OS: Windows XP 32-bit
Motherboard: Dell 0HJ054
Processor: Intel Pentuium D at 3.0GHz
PSU: 600W OCZ StealthXStream http://www.newegg.com/Product/Product.aspx?Item=N82E16817341010
Memory: 2x2GB G-Skill PC2-5300
http://www.newegg.com/Product/Product.aspx?Item=N82E16820231110
GPU: PNY 9800 GT 1GB 256-bit GDDR3
http://www.newegg.com/Product/Product.aspx?Item=N82E16814133243
Sound Card: SoundBlaster X-Fi XtremeMusic

GPU overlock:
First, what is the maximum recommended overclock speed? With the GPU fan at 45% and an external 80mm antec on "high" setting the card idles at about 51C. After engaging in my video game of choice, Warhammer Online, the card has heated to around 58C. GPU-Z verifies my core clock from 600MHz to 675 MHz, memory clock from 900MHz to 975MHz, and shader from 1500MHz to 1660MHz. Is it recommended to overclock more than this and if so what is a safe temperature with a load?

RAM timing:
During gameplay, rendering is smooth in between a glitch every second or so even on fastest framerate setting with texture cache set to largest. Could there be a problem with bottlenecking from the RAM? I noticed CPU-Z readout of timings table of 266MHz and 333MHz with a note that Max Bandwidth of PCS-5300 is 333MHz. If my GPU can clock its memory at 975MHz but the RAM is only at 333MHz could this be causing reduced performance? I do not know much about RAM timings, etc.

CPU Overclock:
Would you recommend also overclocking my CPU or is this a small contributor to my reduced performance?

Hard Drive:
Also, I don't know if this is relevant but my hard drive capacity is only 12.63GB/69.8GB according to system info.


Any information on how to improve my system performance would be greatly appreciated. Also, the fact that it is an MMO could lead to networking issues on the part of EA Mythic but I doubt it would reduce my performance this much. Thanks!


----------



## c-hoov (Jan 8, 2009)

Correction-

Processor: Intel Pentium Dual Core @ 3.0GHz


----------



## linderman (May 20, 2005)

cant overclock dell motherboards

no sense in ramping up your 9800 video card too much because your "bottleneck" is at the cpu / memory level ............... the Pentium D and the memory you have cant come close to keeping pace with your video card at stock settings ......... therefore nothing is gained from overclocking it !

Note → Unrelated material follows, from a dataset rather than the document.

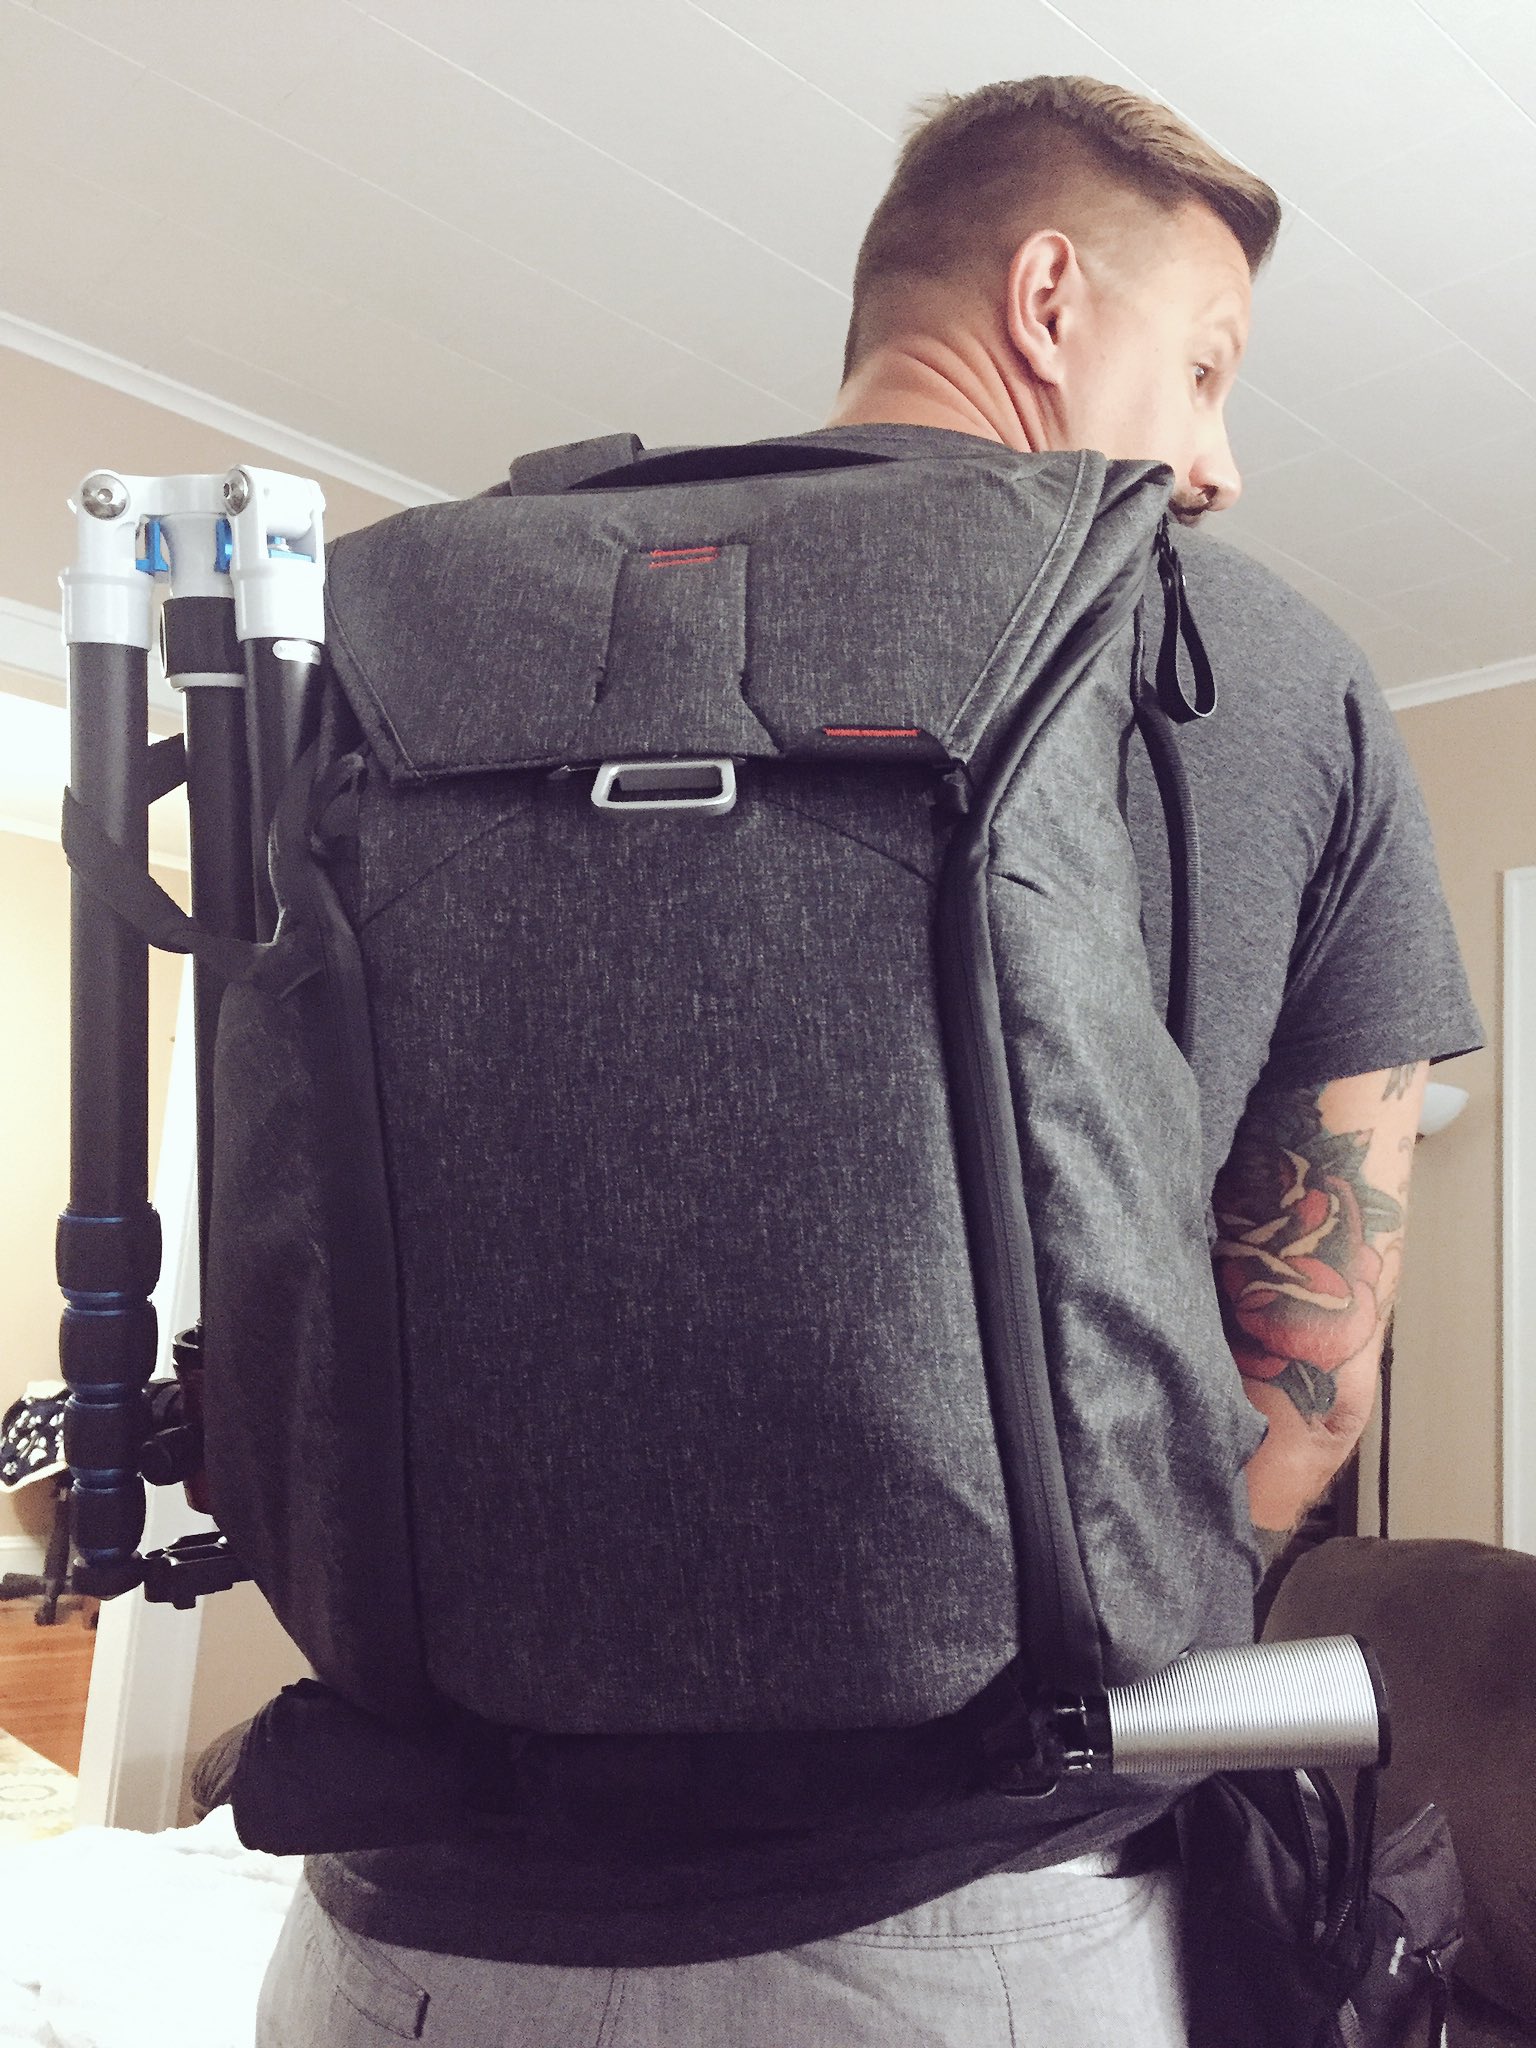 Jenn Tracker On Twitter Tim S New Camera Gear Backpack Came In The

to improve game performance ............. I suggest you start planning a system upgrade ......... motherboard / cpu / memory / power supply / new case / new OS

GA-EP45-UD3L $117.00

Intel E8400 $165.00

Corsair XMS2 DDR2-800 (2 x 2 gig matched pair) $60.00

Cooler Master Centurion Case : $50.00

Corsair 750-TX power supply = $109.00



you should be able to sell off your old stuff for $160.00 to $225.00 either on craigs list or ebay to help soften the blow ..........


----------